The Local Color Negro

  • These stereotyped characters were usually found in groups, like a Greek chorus, and took on whichever other stereotype was appropriate to the story. Most of the time, they were "contented slaves," though they might be "exotic primitives" in Africa or Barbados. These characters were treated as scenery, there only to give flavor and color to the setting of a story. You might see the same thing today in a novel about voodoo, where the blacks at a voodoo ritual are there only to set the scene.

The Exotic Primitive

  • This is perhaps the most offensive yet most lingering of the literary stereotypes listed.

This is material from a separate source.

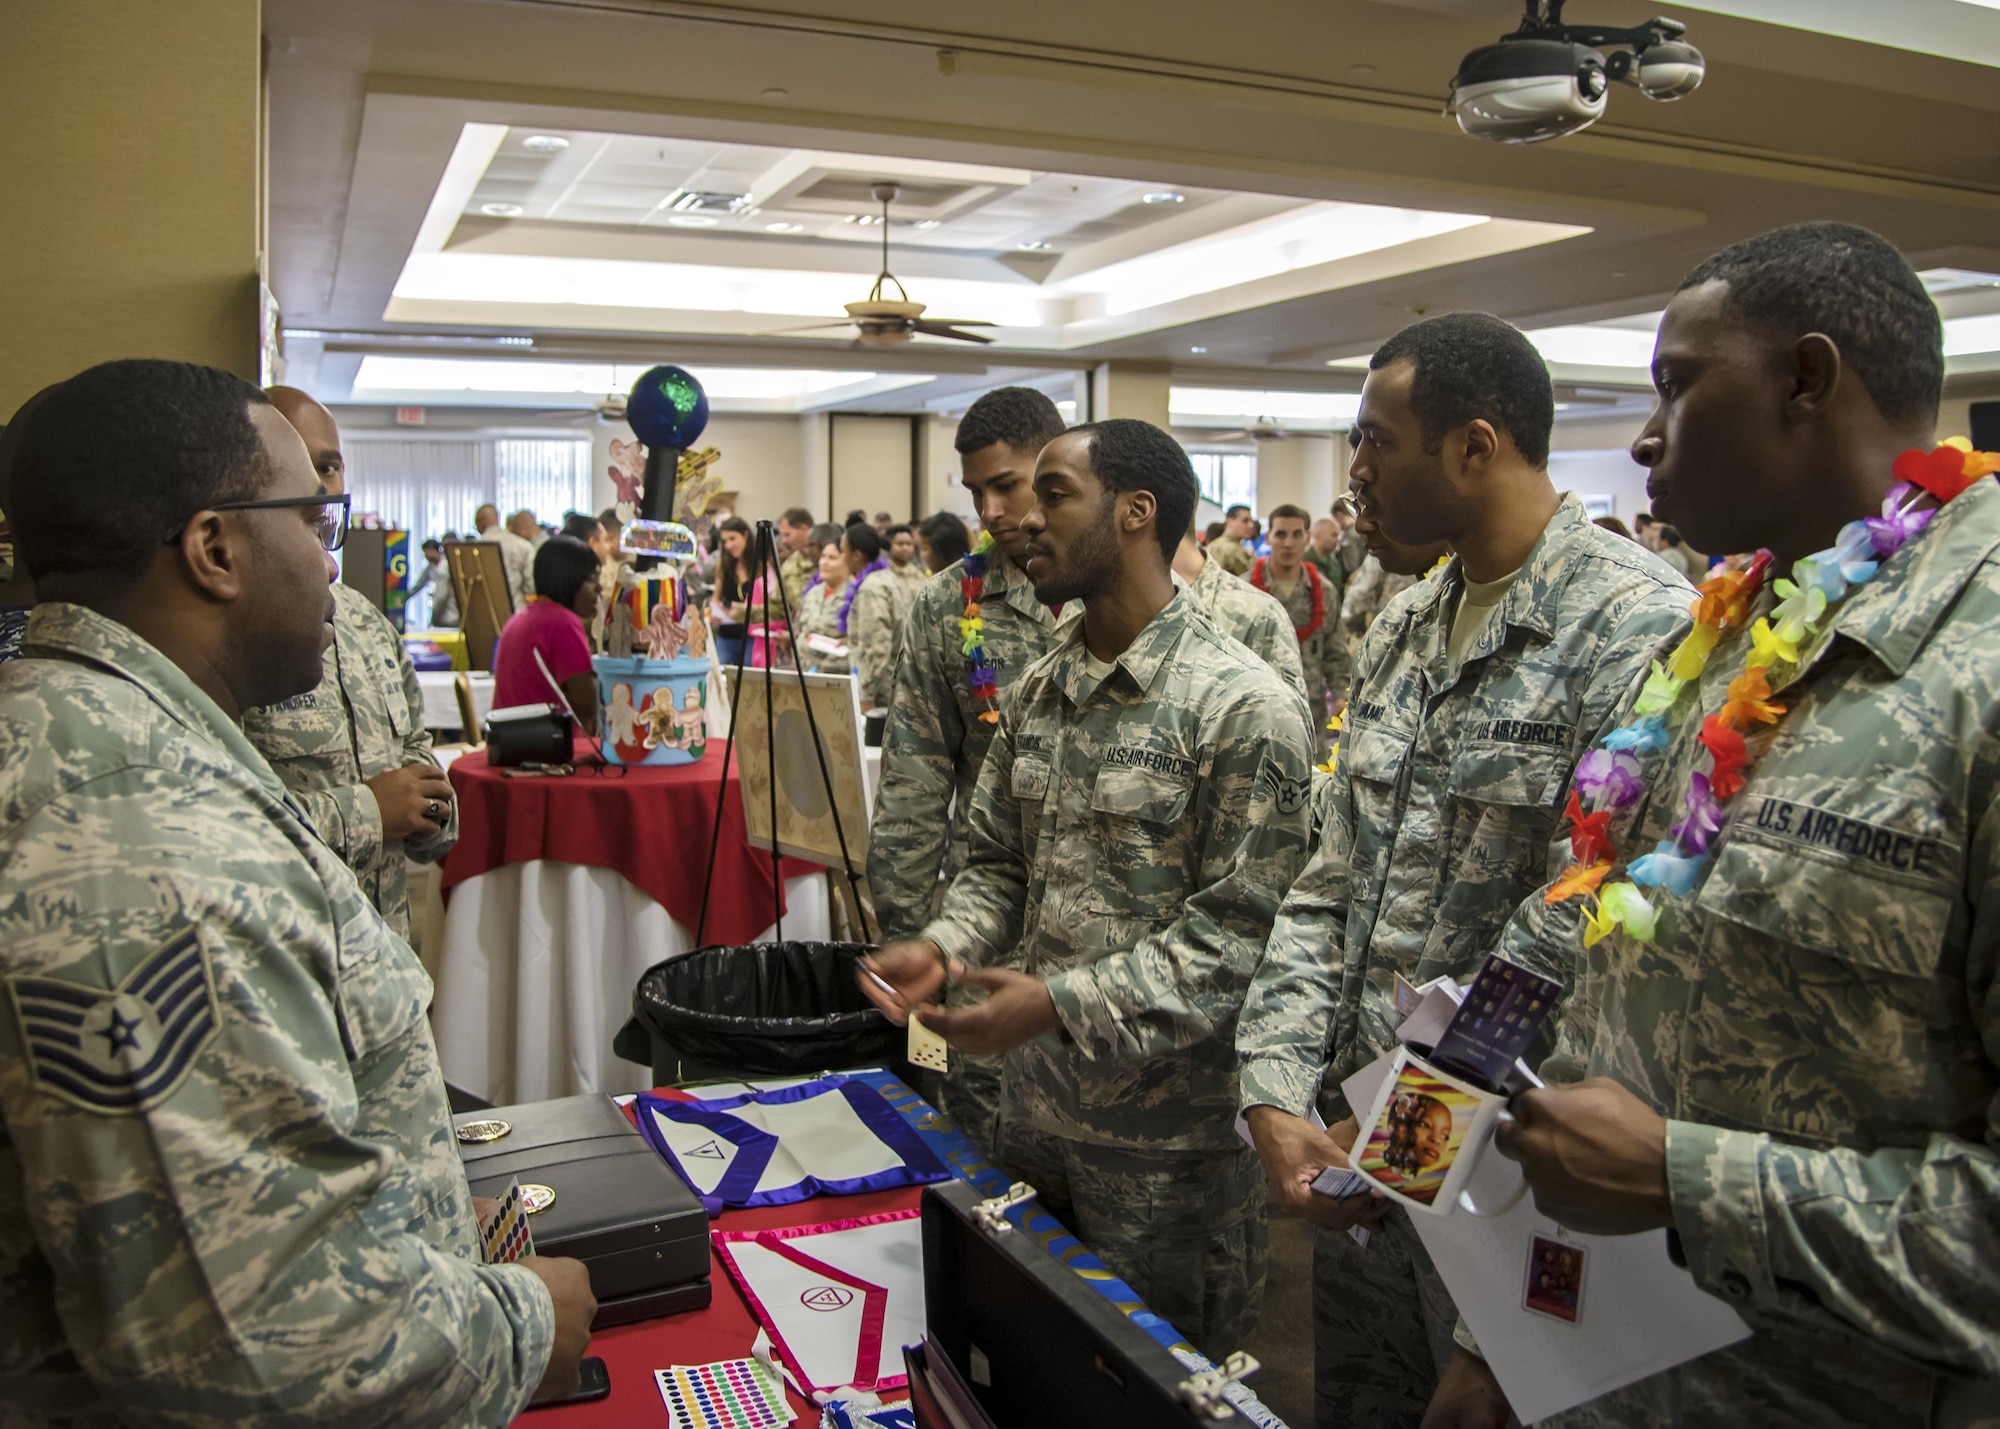 Airmen learn about a new culture from Tech Sgt. Willie Neal, 23d Maintenance Squadron munitions specialist during Diversity Day, Sept. 29, 2017, at Moody Air Force Base, Ga. Moody held Diversity Day to honor and educate Airmen on all of the ethnic groups and organizations observed by the Department of Defense. (U.S. Air Force Photo by Airman Eugene Oliver)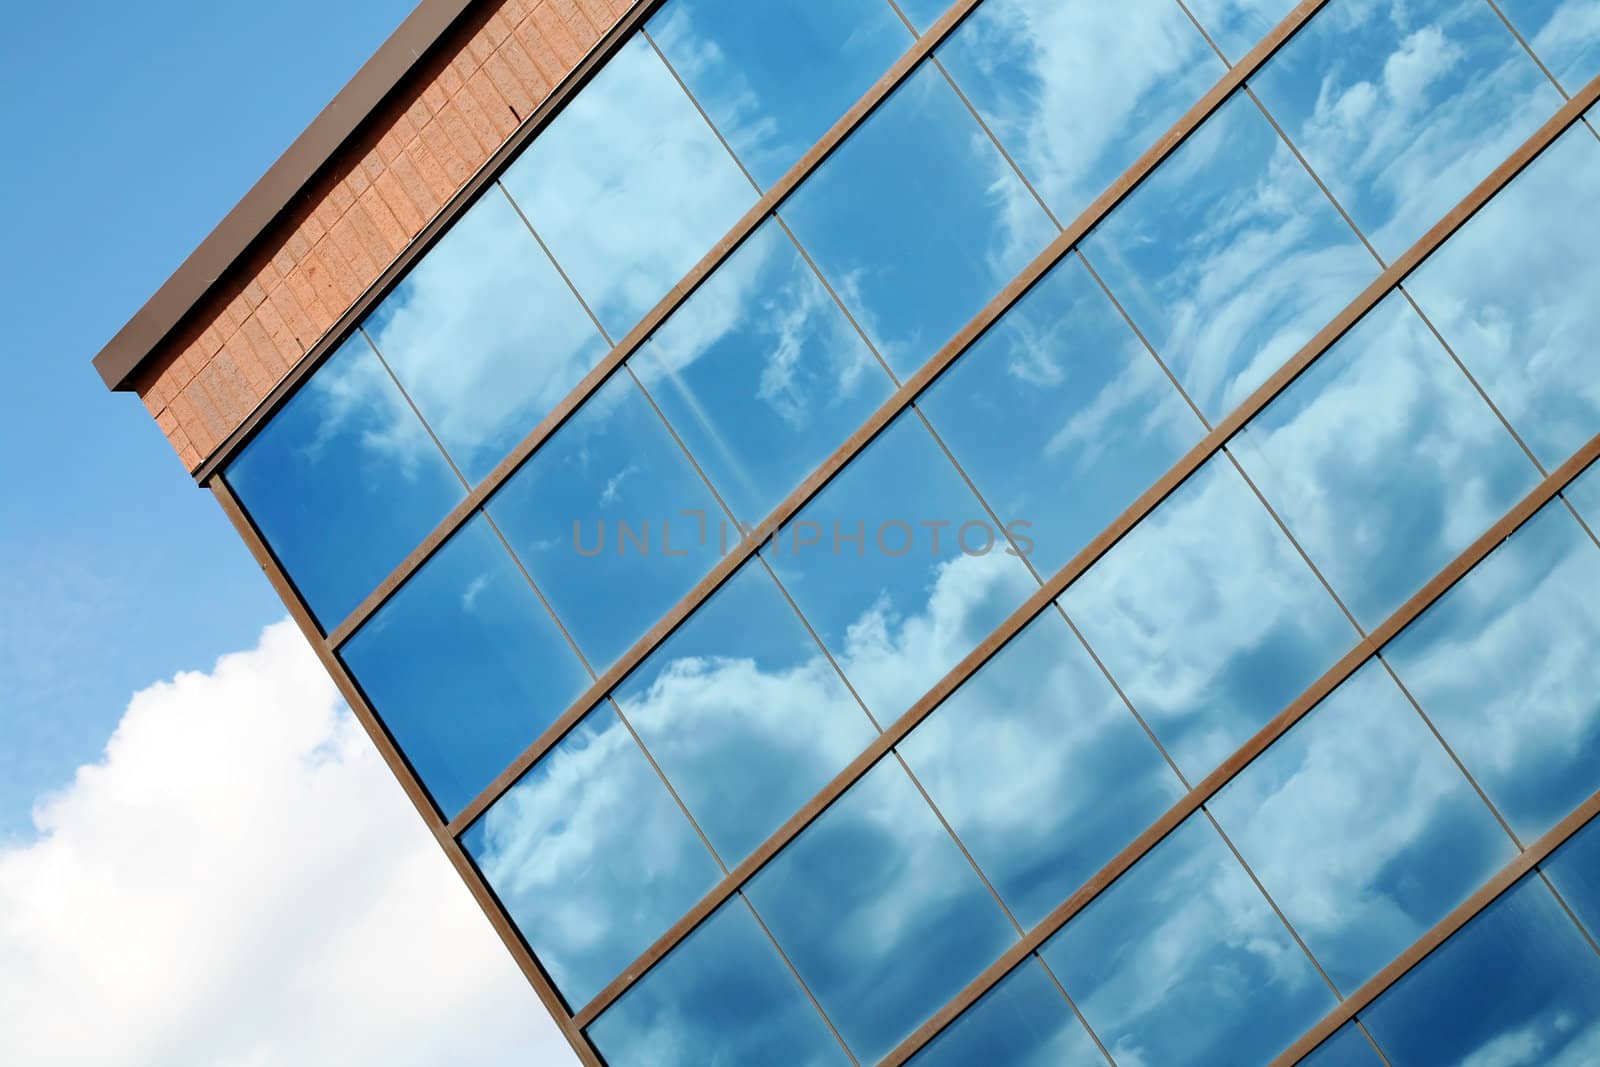 Beautiful clouds reflected in glass windows

This stereotyped character embodies all the cliches about the "primitive African." Lust, sexual prowess, a wildly uncontrolled desire for drinking and drugs and often a lifestyle of casual violence mark this character. Its origins were in the "savage inheritance" that white writers believed belonged to descendants of Africans.

The Brute Negro

  • Early in the history of American literature, the "brute Negro" did not exist. His brutishness had been tamed out of him, domesticated through slavery. In fact, this alleged civilizing factor was one of the arguments in support of slavery. While historical figures such as Nat Turner brought up the specter of this stereotype, it did not gain traction until Reconstruction, when freed slaves competed with Southern whites still in shock at the upturning of their world. The brute Negro, manipulated and controlled by cunning Yankee carpetbaggers, became the literary repository of everything evil.